I sighed. "You don't want to know." I looked at the floor as we walked around campus to the garage.
"Put this on." He handed me my helmet and hoped in his bike.
I wrapped my arms around his waist and we drove off to a nice little tavern in the middle of the road. Me and Logan have a special bond, I never knew why, my best guess is that he took pity on me because he relates to me and I'm not mad, he's so cool.
He knew the owner of the place so they didn't ID me and even if they were I'd make them not do it.
"Why are we here?" I put my arms on the bar and waited for the bartender to give us some nuts and beers.
"You seem different, what's going on?"
"I already told you."
"Like I've never heard your boy problems." I laughed and sipped my beer. "Tell me."
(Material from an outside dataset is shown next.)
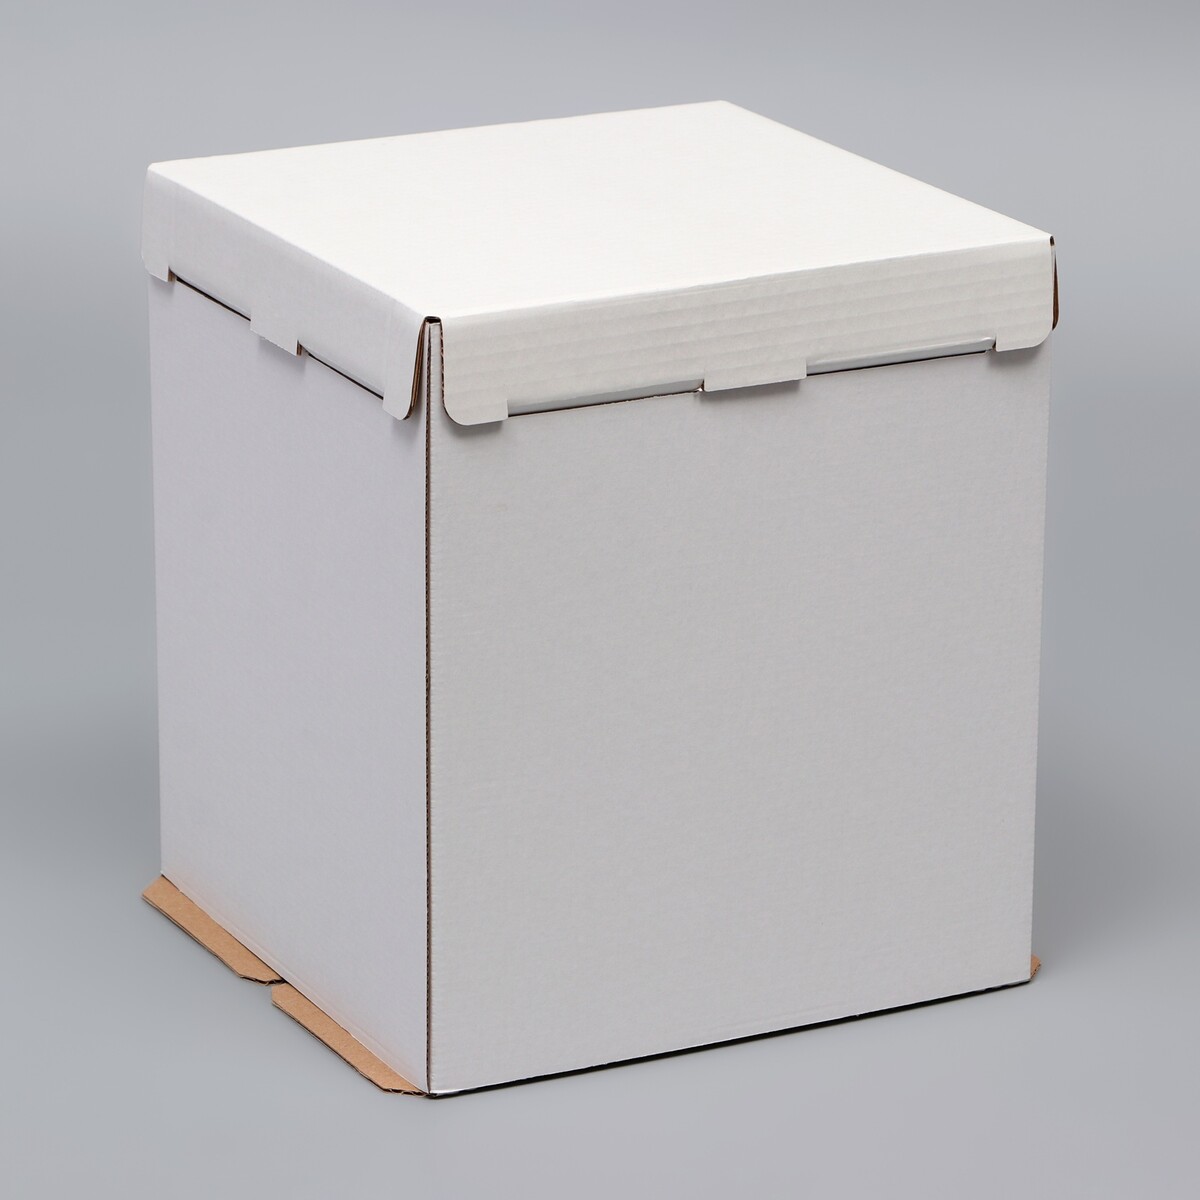 Коробка под торт, без окна, белая, 26 х 26 х 30 см

"Fine. You remember James?" He nodded and I rolled my eyes as I smiled. "Before I say anything I want to make clear that I still don't like him." I tell him everything from the day I got back home to the mission we had a three way, the one with the fire and the night before I came. I tried to avoid the details, but he wanted to know everything to try and understand the situation.
"I don't believe you." He tilted his head and shrugged his shoulder. "But yet, you've always had terrible taste in boys." He chuckled.
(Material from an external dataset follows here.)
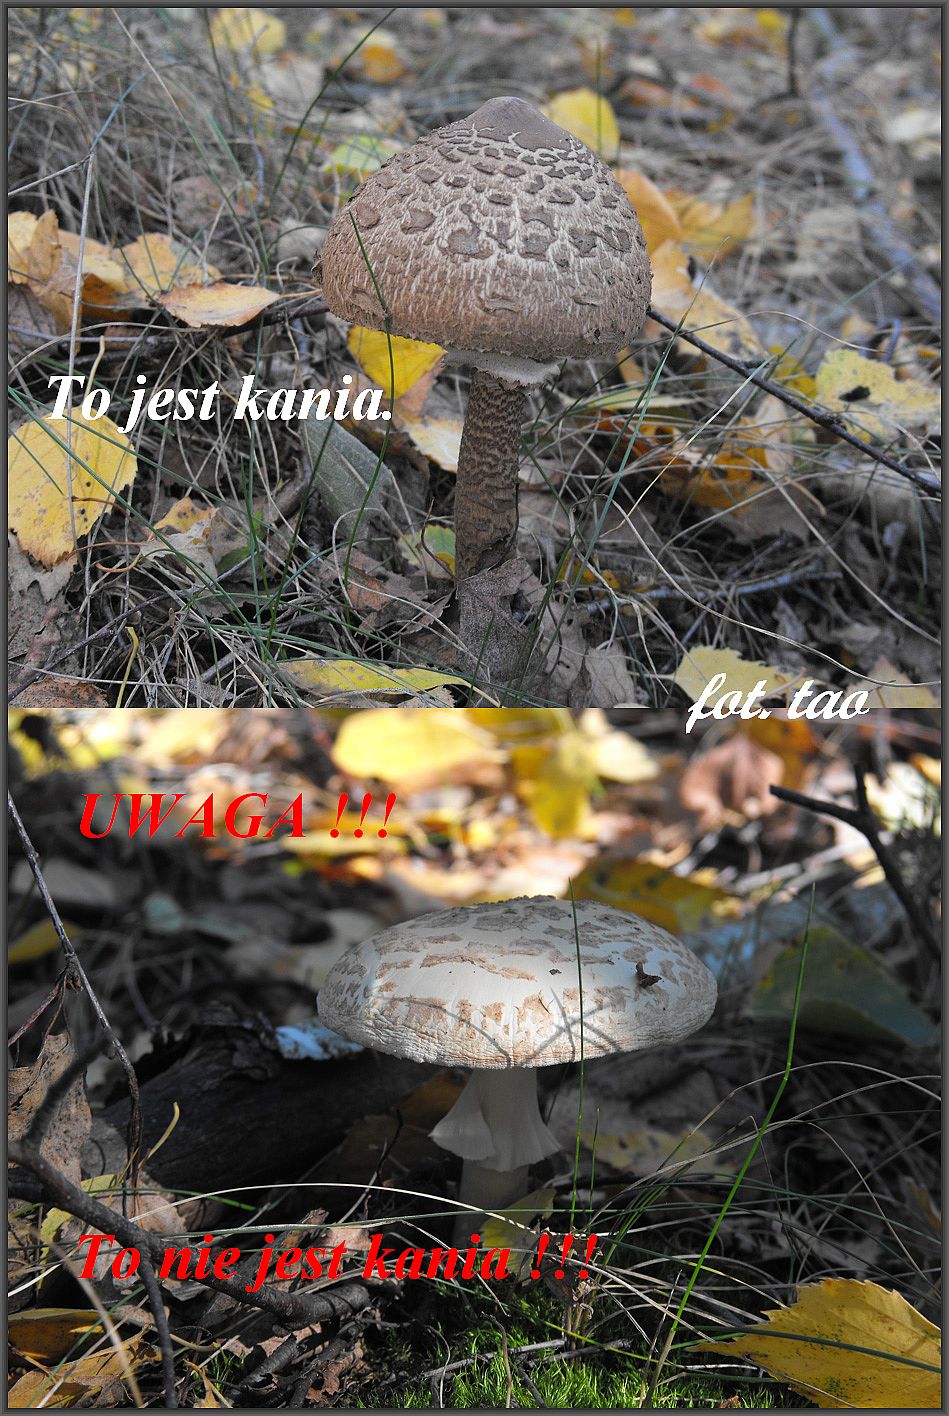 Czas na grzyby. W tym sezonie w okolicznych lasach jest wysyp kani, zbiera czy nie zbiera? Oczywicie zbiera, bo kania to jeden z najsmaczniejszych  grzybw, ale nie myli z muchomorem, patrz na foto. Lasy w Walerianowie k/Sierpca, 4.10.2013 r.

"I do not!" I argued. "Most of my boyfriends had to be approved by you."
"Hmm, true." I shook my head and laughed. "And what's so wrong with Captain America?"
"What do you mean?"
"You're whining about liking boys who are jerks, but Steve doesn't sound like he is a jerk."
"I don't know, I just don't like him, I don't feel any romantic connection to him."
"But you do for James?" His question sounded more like a statement.
"No, I'm just saying-" I stuttered. "I don't have feelings for him." He nodded sarcastically. "Whatever." I said with a smile on my face.

I've never had an issue with telling Logan about my love life, I always saw him like the cool uncle who just sits, listens and judges without actually judging me. He knew who I liked before I liked them, sometimes I joked and said his superpower was to see the future–more specifically my future– and he hated that innocent joke, he said it made him feel weaker, and I thought it's stupid. When he said comments like that I tried to give him the benefit of the doubt being as how he was born in the late 1800's; on the other hand he'd had more than a hundred years to re-educate himself into forgetting his toxic masculinity.
When we got to the tavern it was daytime and when we got out it was past sunset, you know the time where there is still some sunlight but no sun? Yeah, that time.